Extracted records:
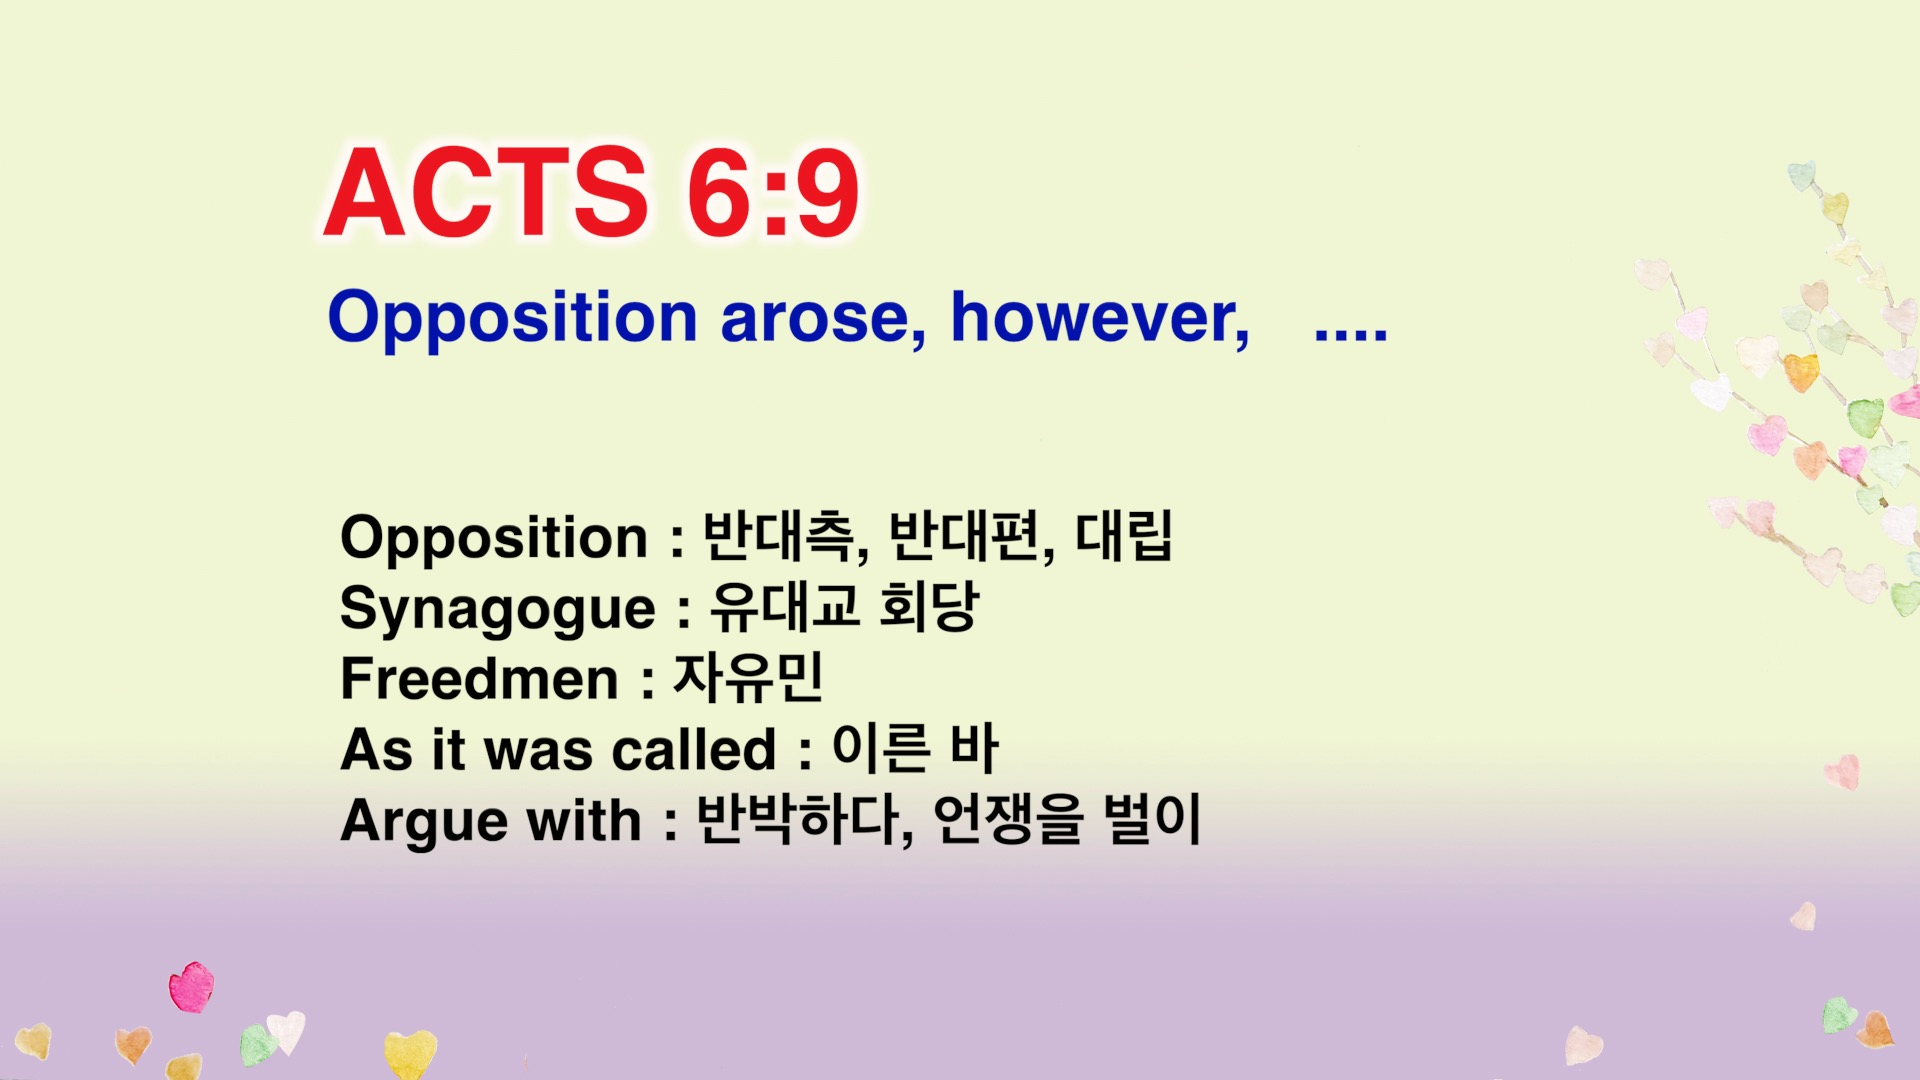 Leena's Bible English-Acts Chap. 6, Ver.9
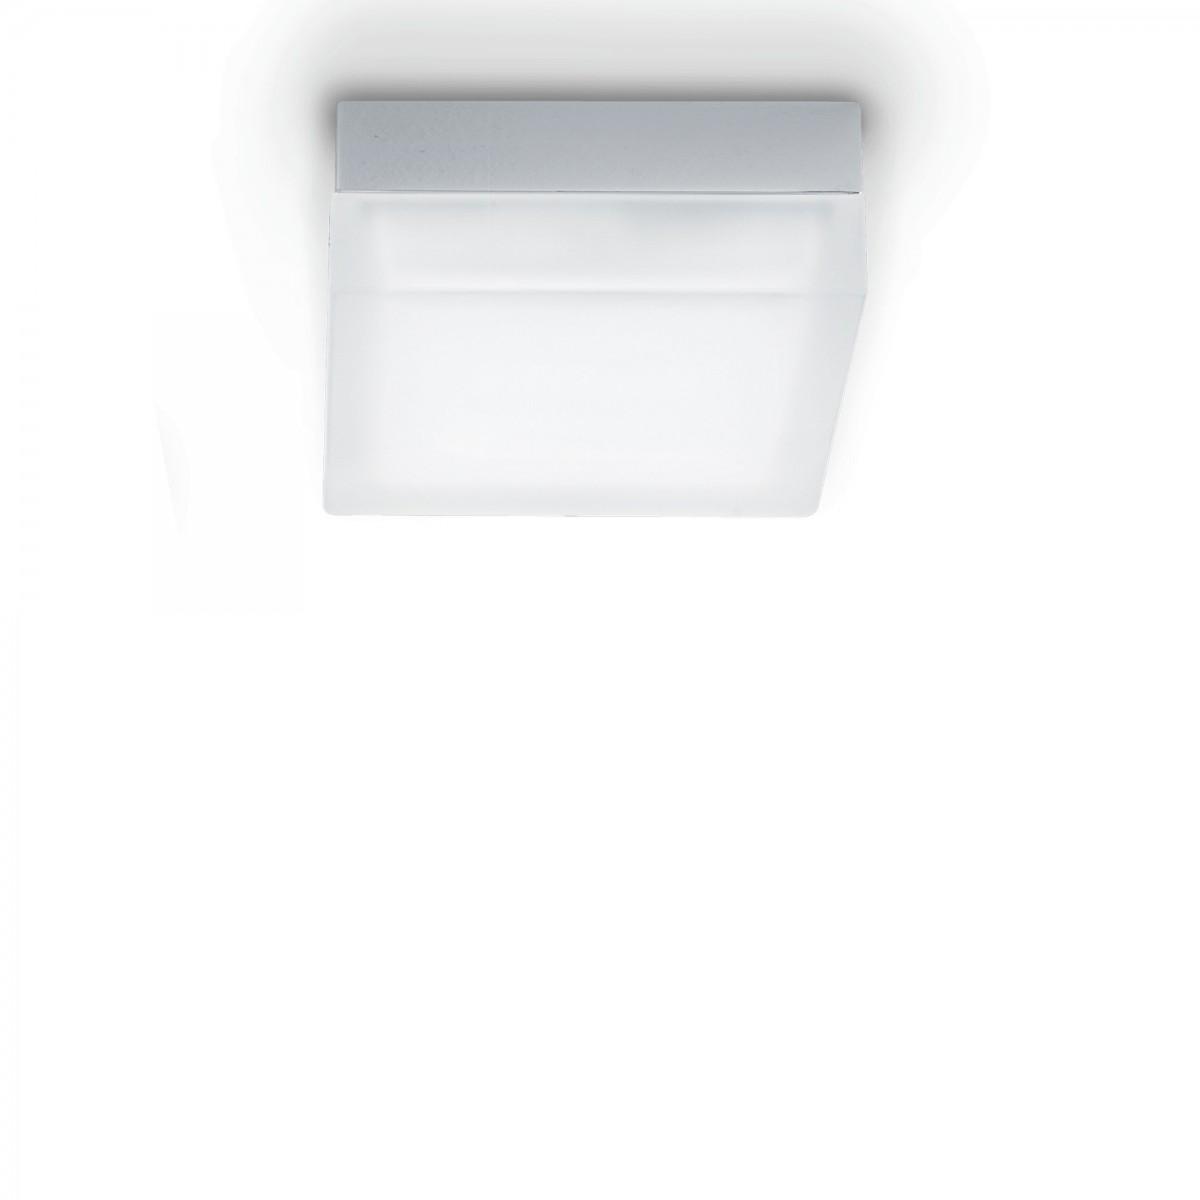 LED stropní svítidlo Ideal lux Iris PL1 104539 1x7W GX53 - jednoduchá elegance
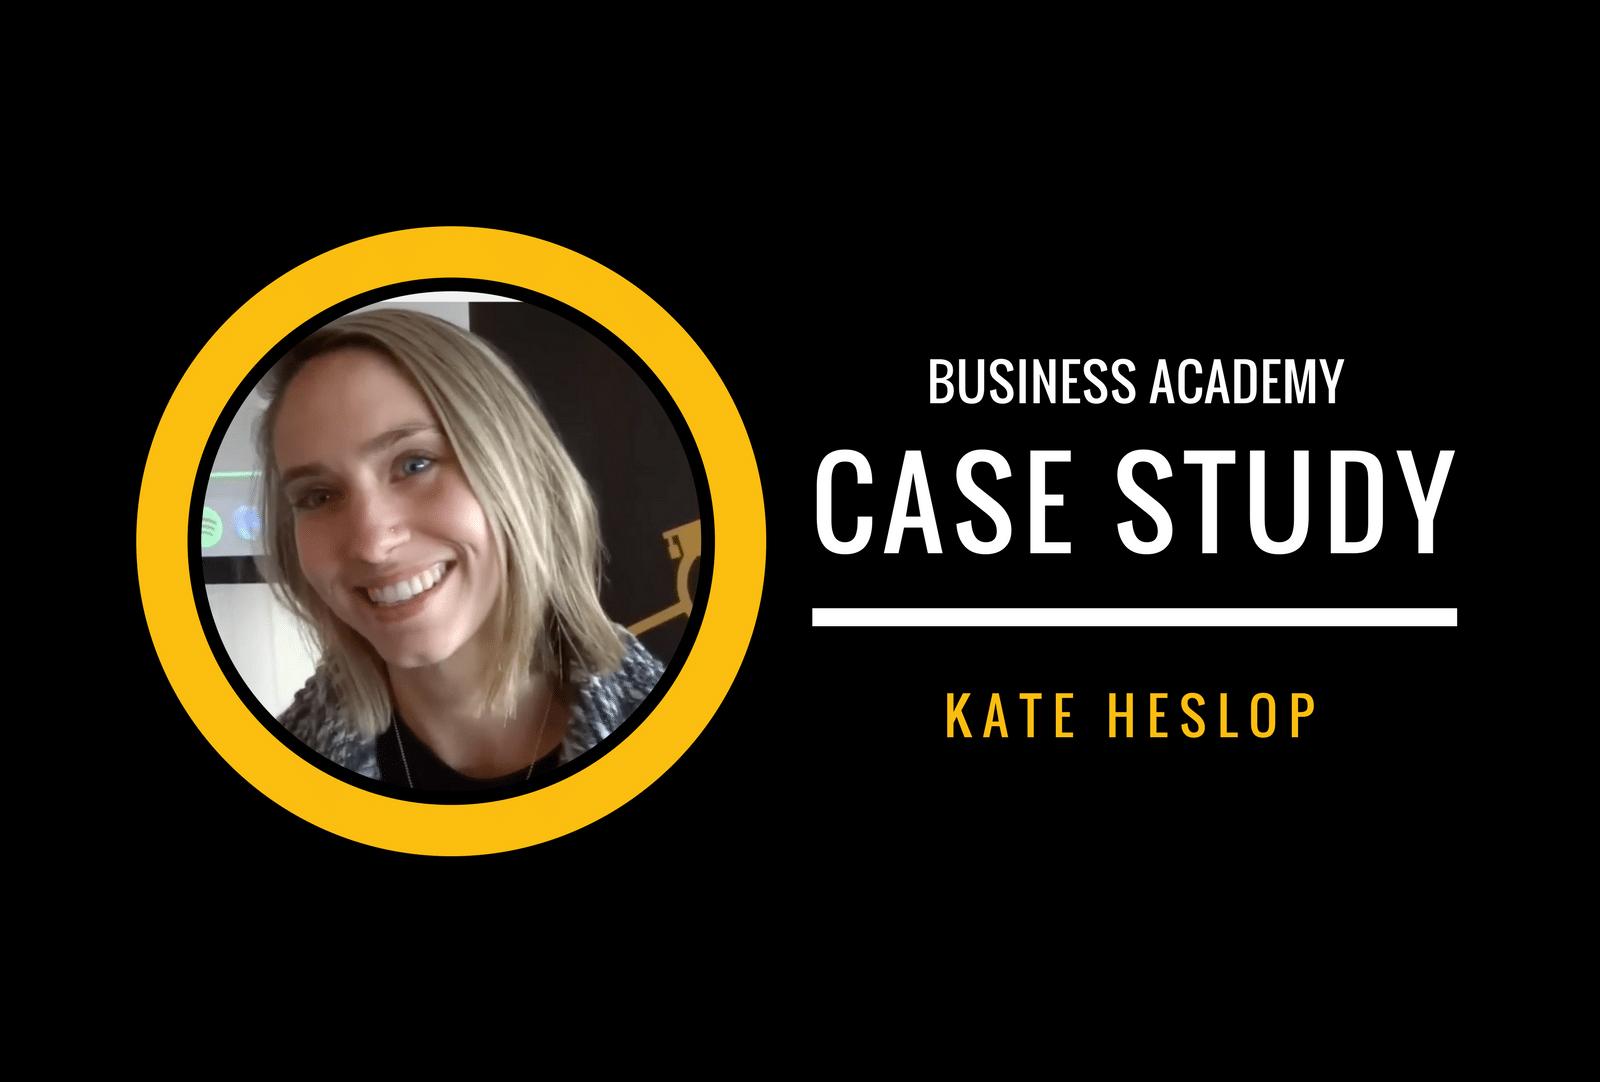 KATE HESLOP CASE STUDY
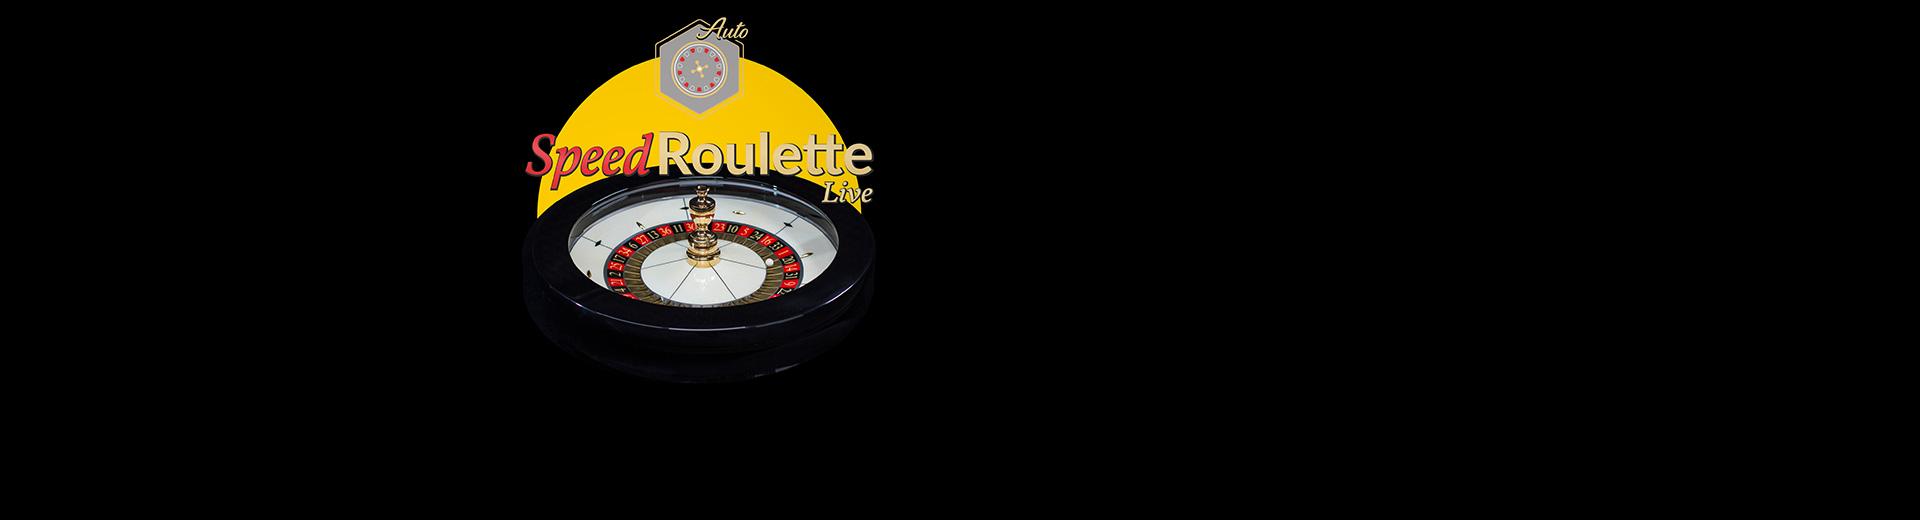 C10-1920x520_2338_2018_Speed Auto Roulette_Evolution
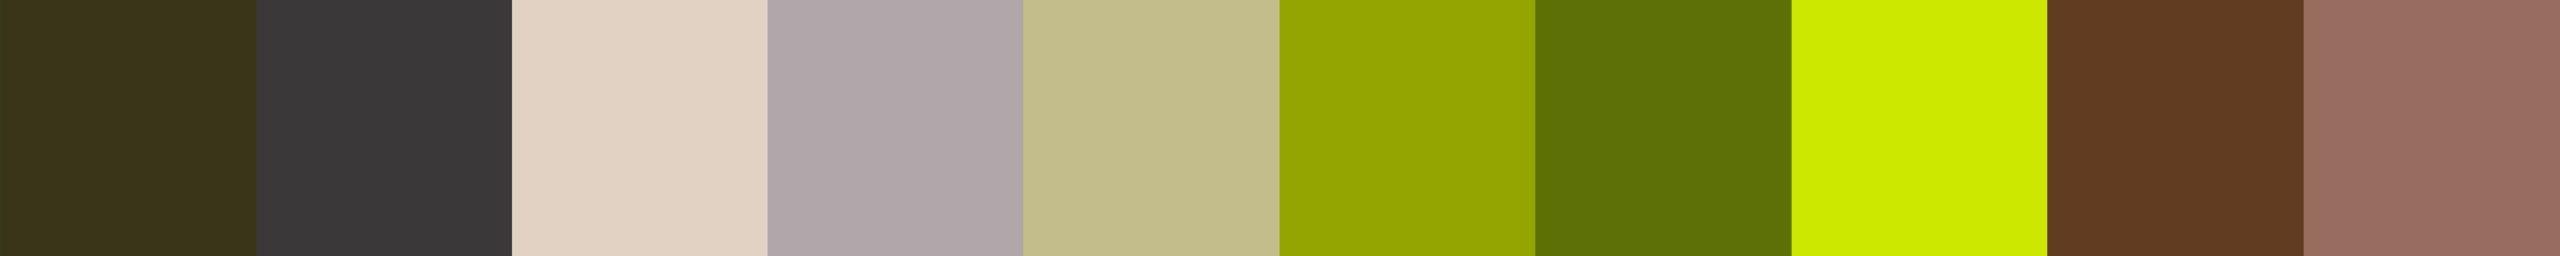 710 Wertas Color Palette
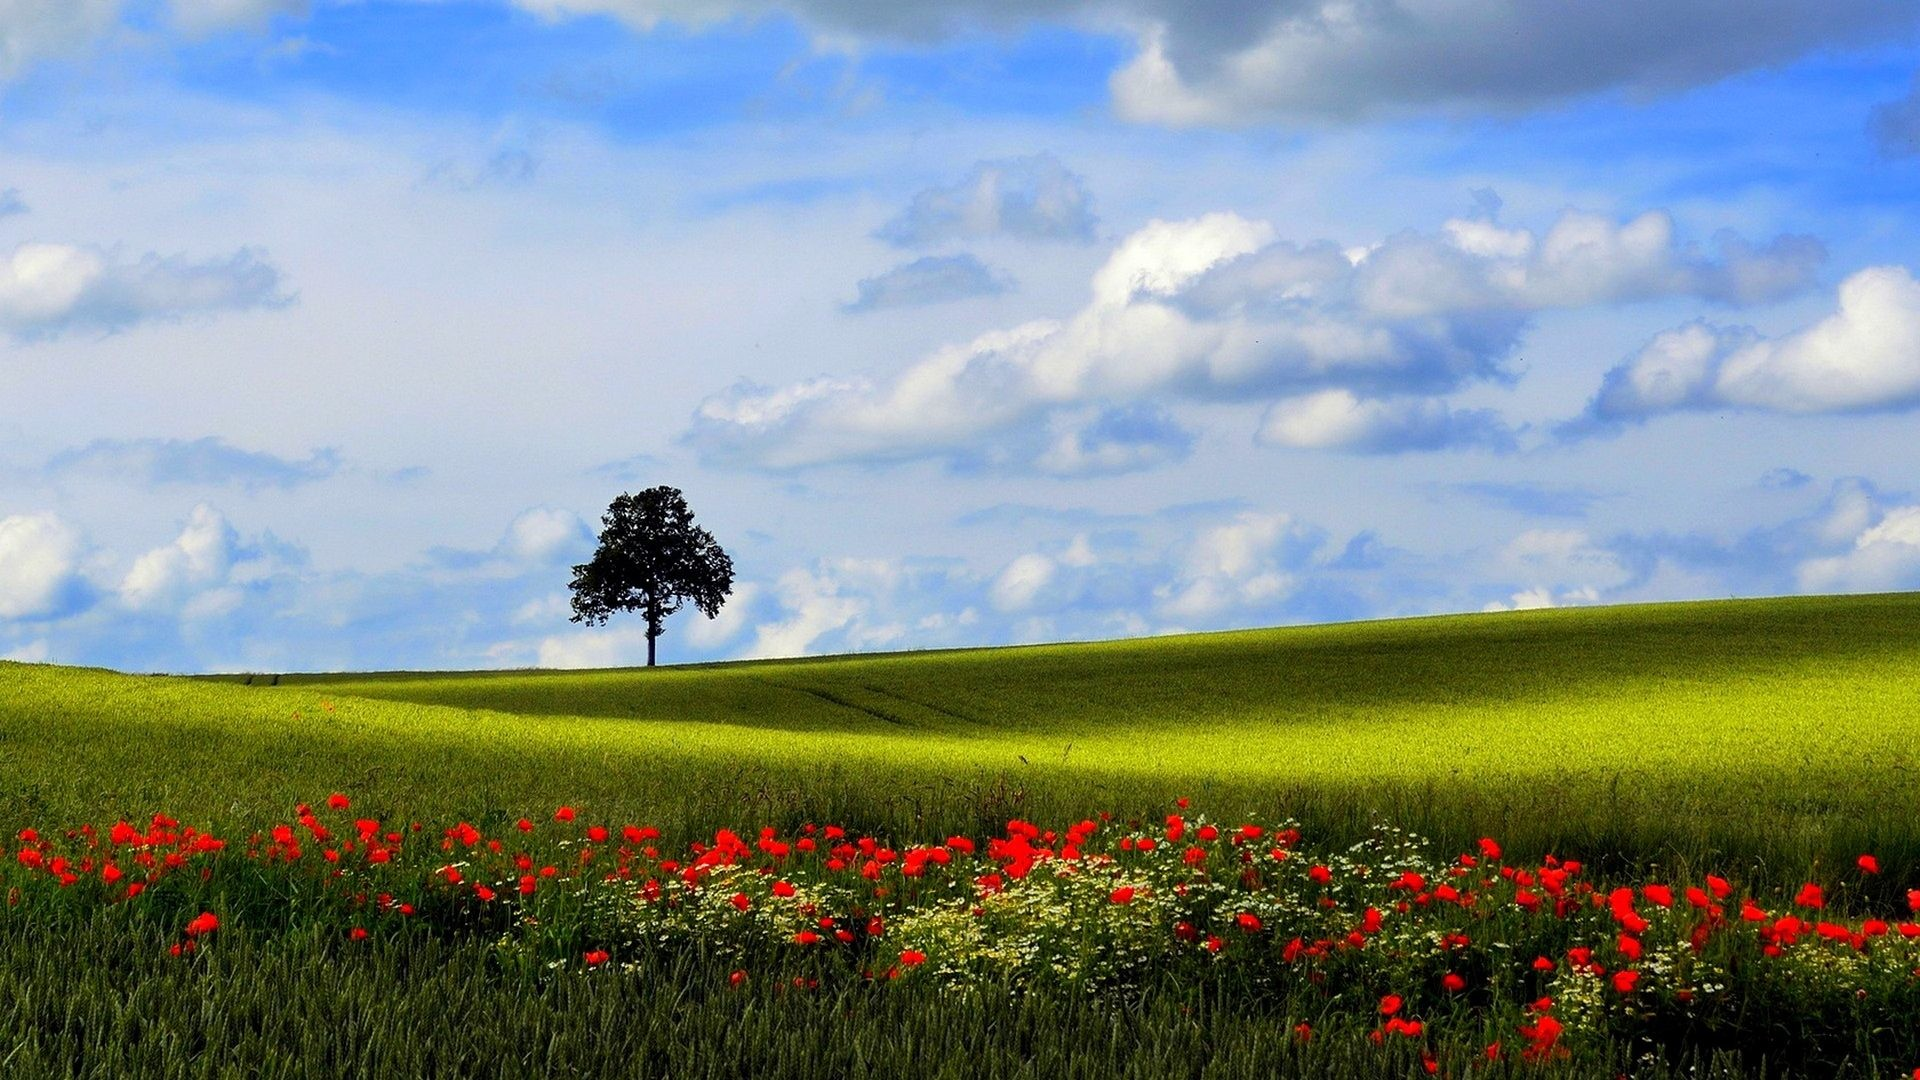 Poppy Tag – Poppy Nature Poppies Tree Field Lavender Fields Desktop  Backgrounds for HD 16:

* _TASK ITEM_
Could you set down every entry above exactly as it stands, with no images?

* _EXERCISE ANSWER_
 Leena's Bible English-Acts Chap. 6, Ver.9
 LED stropní svítidlo Ideal lux Iris PL1 104539 1x7W GX53 - jednoduchá elegance
 KATE HESLOP CASE STUDY
 C10-1920x520_2338_2018_Speed Auto Roulette_Evolution
 710 Wertas Color Palette
 Poppy Tag – Poppy Nature Poppies Tree Field Lavender Fields Desktop  Backgrounds for HD 16:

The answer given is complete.